The rSPA modified silica monoliths were used for separation of monoclonal antibodies from their related impurities. The separation of cetuximab from BSA impurity was performed in around one minute and a typical chromatogram is shown in Figure 1. The unbound BSA eluted first followed by cetuximab which was released due to the pH shift to pH2.5.  The rSPA silica monoliths provided very sharp peaks with peak widths < 0.040 minutes in a reasonable run time which was supported by the hydrophilic column surface reducing undesirable backbone interactions with the analytes. 
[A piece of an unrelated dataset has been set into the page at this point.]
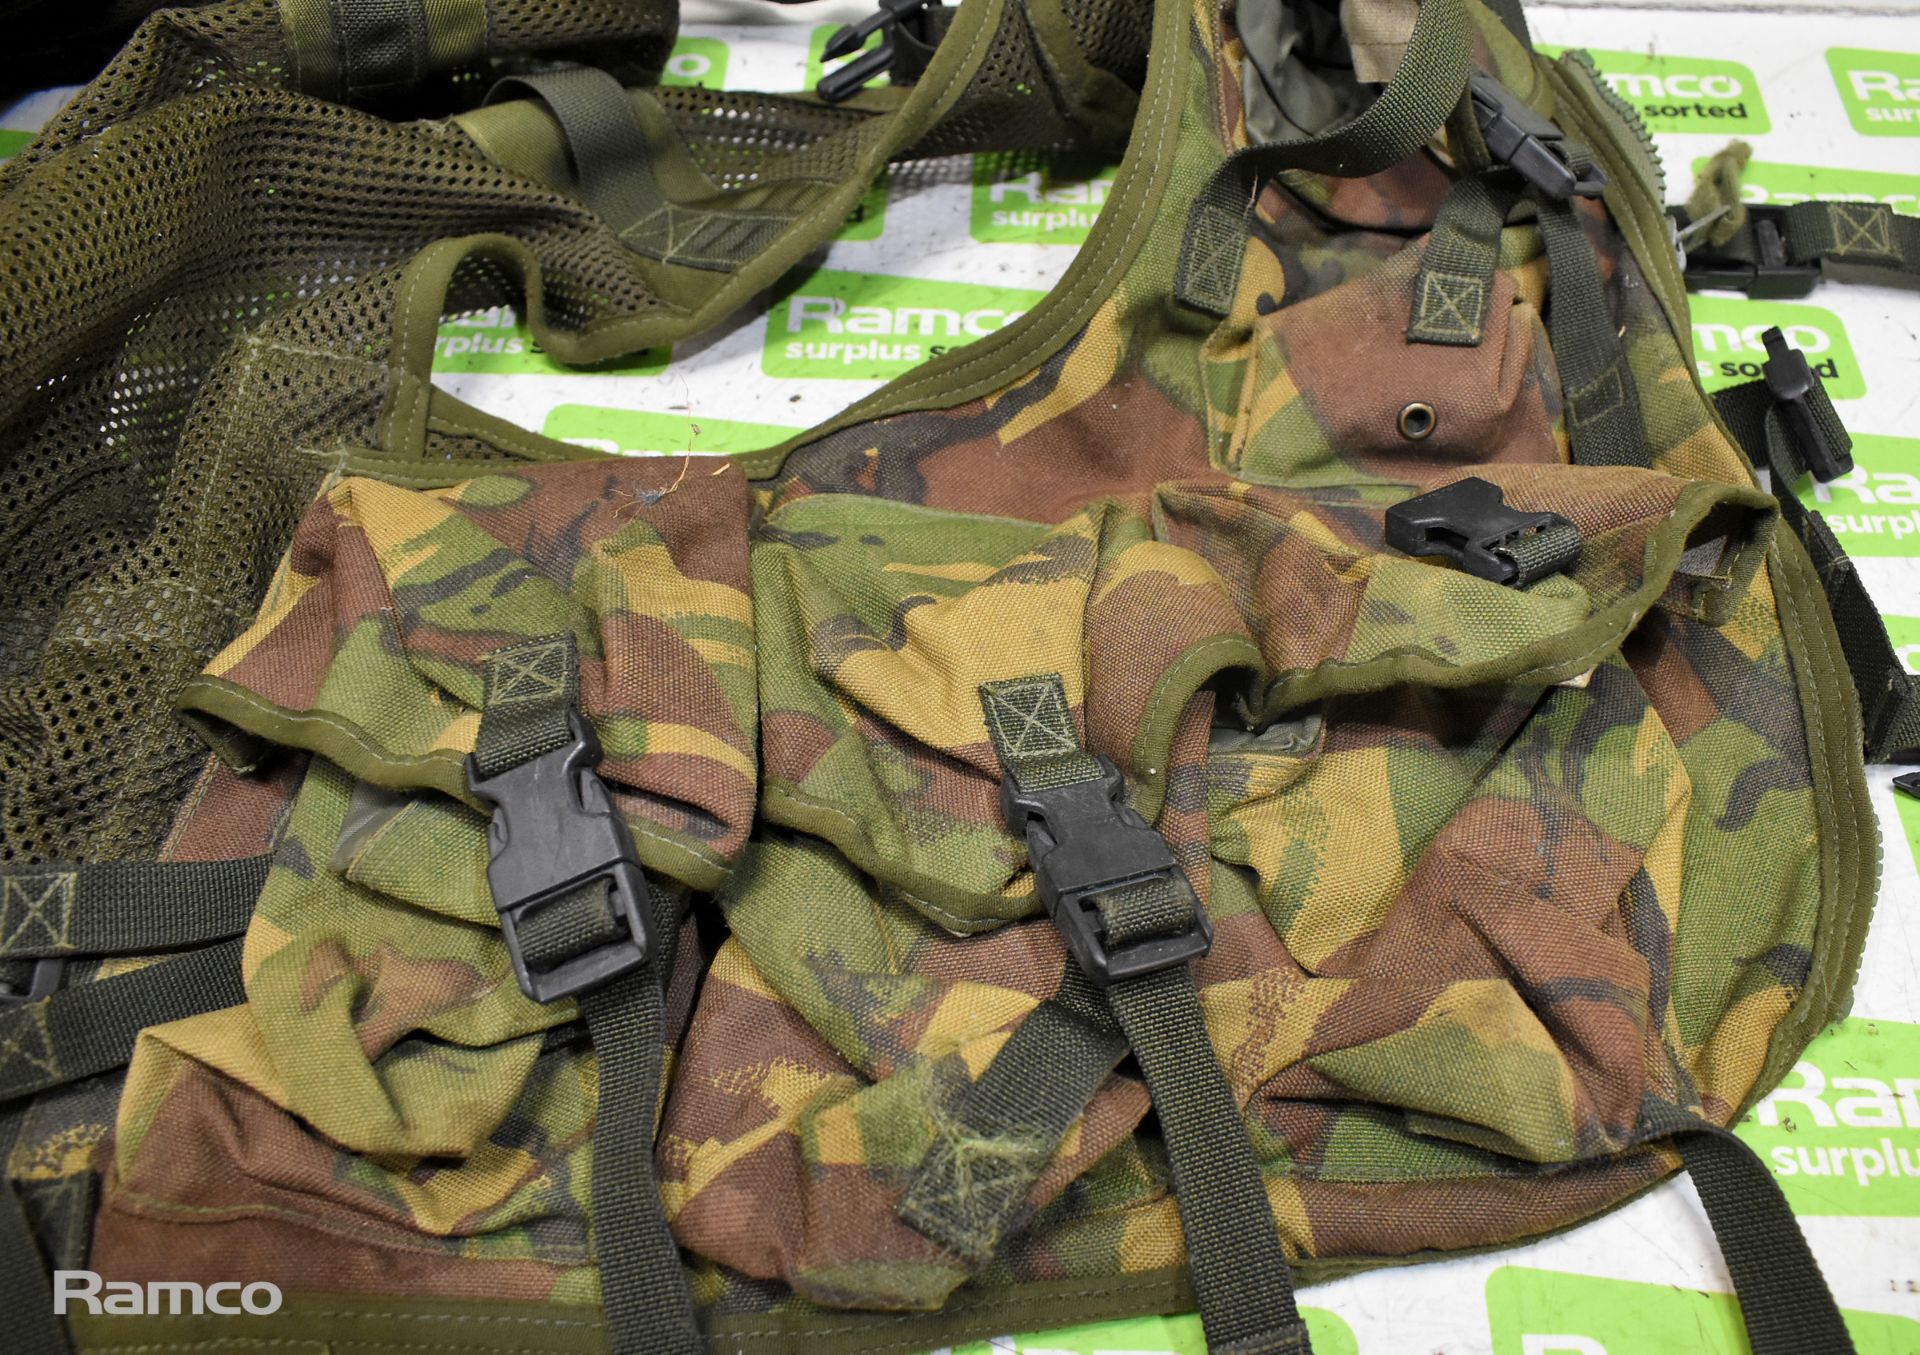 29x British Army DPM vests with pouches - mixed grades and sizes - Image 5 of 9

Another important criteria for analytical protein A columns is column performance reproducibility. Therefore, cetuximab sample was injected 50 times and all chromatographic parameters were evaluated especially with respect to their relative standard deviation (RSD). An overlay of all 50 chromatograms is shown in Figure 2 indicating a robust and reproducible column performance. The RSD of the retention time of eluted cetuximab was < 0.1% with the peak width being equal for every run. The peak area RSD was 0.4% supporting the previous data and assumptions of a robust column modification and reproducible column performance.
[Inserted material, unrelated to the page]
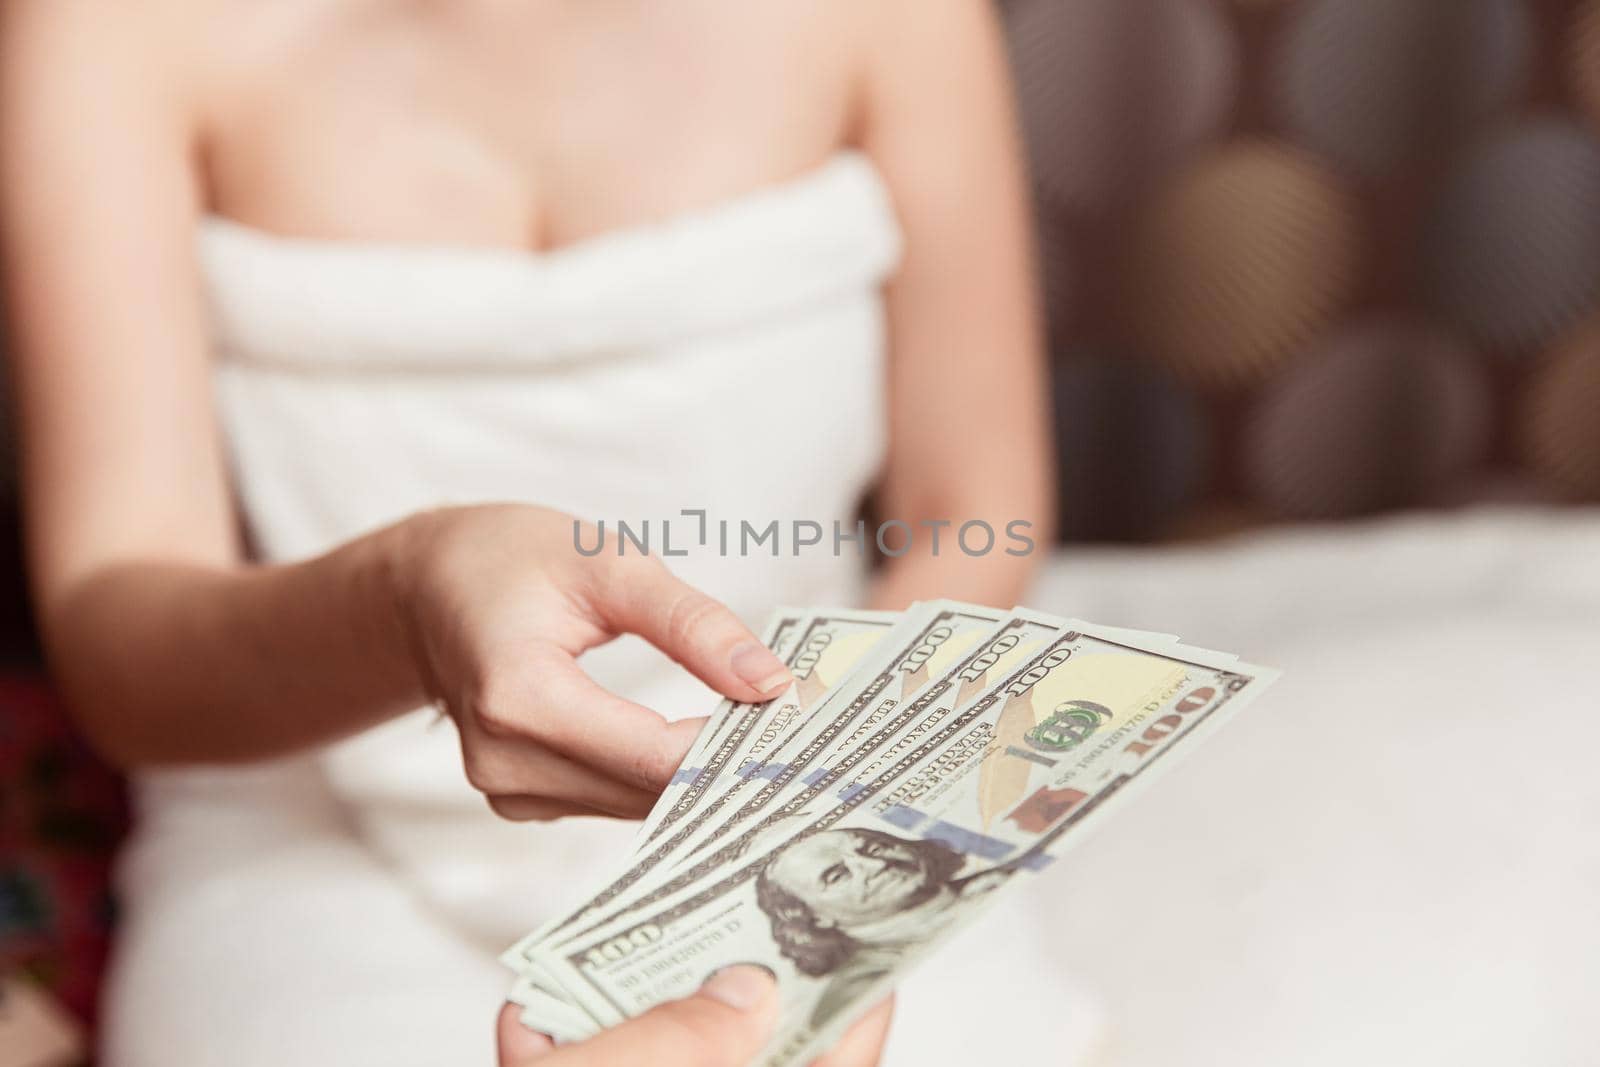 Women night worker reciving money from customer pay for personal massage service in hotel room.

Furthermore, different batches were synthesised under exactly same conditions and six columns of each batch were immobilised with rSPA ligand, respectively. The summary of chromatographic data of each batch are shown in Table 1. The data revealed only slight differences between columns from the same batch as well as minor differences between different batches. Those results demonstrate that the immobilisation process via epoxide functions is very robust and reproducible. 

Column Linear Range

For titre determination, linear range of the analytical column is a key property for its application. In antibody production, the used bioreactors contain antibody concentrations between 0.5-7 g/L, which is the minimum requirement for an analytical protein A column. The rSPA modified monolith was evaluated by analysing different concentrations of pure cetuximab ranging from 0.0125 mg/ml to 10 mg/mL. The 15 used calibration standards revealed a broad analysis range from 1.25-200 µg of injected cetuximab for the immobilised rSPA silica monolith. The retention time of eluted cetuximab concentrations varied by only 0.1% and was confirmed by an overlay of all calibration chromatograms as shown in Figure 3. The correlation coefficient was higher than 0.999 supporting the hypothesis of a high column capacity. 

Flow Rate

Since monolithic silica columns enable a low column backpressure due to their high flow through pores, the separation capability of immobilised rSPA silica monoliths was evaluated at higher flow rates. The comparison of column performance was done with pure cetuximab spiked with BSA. It was expected that retention time and peak width of eluted cetuximab would decrease with increasing flow rate.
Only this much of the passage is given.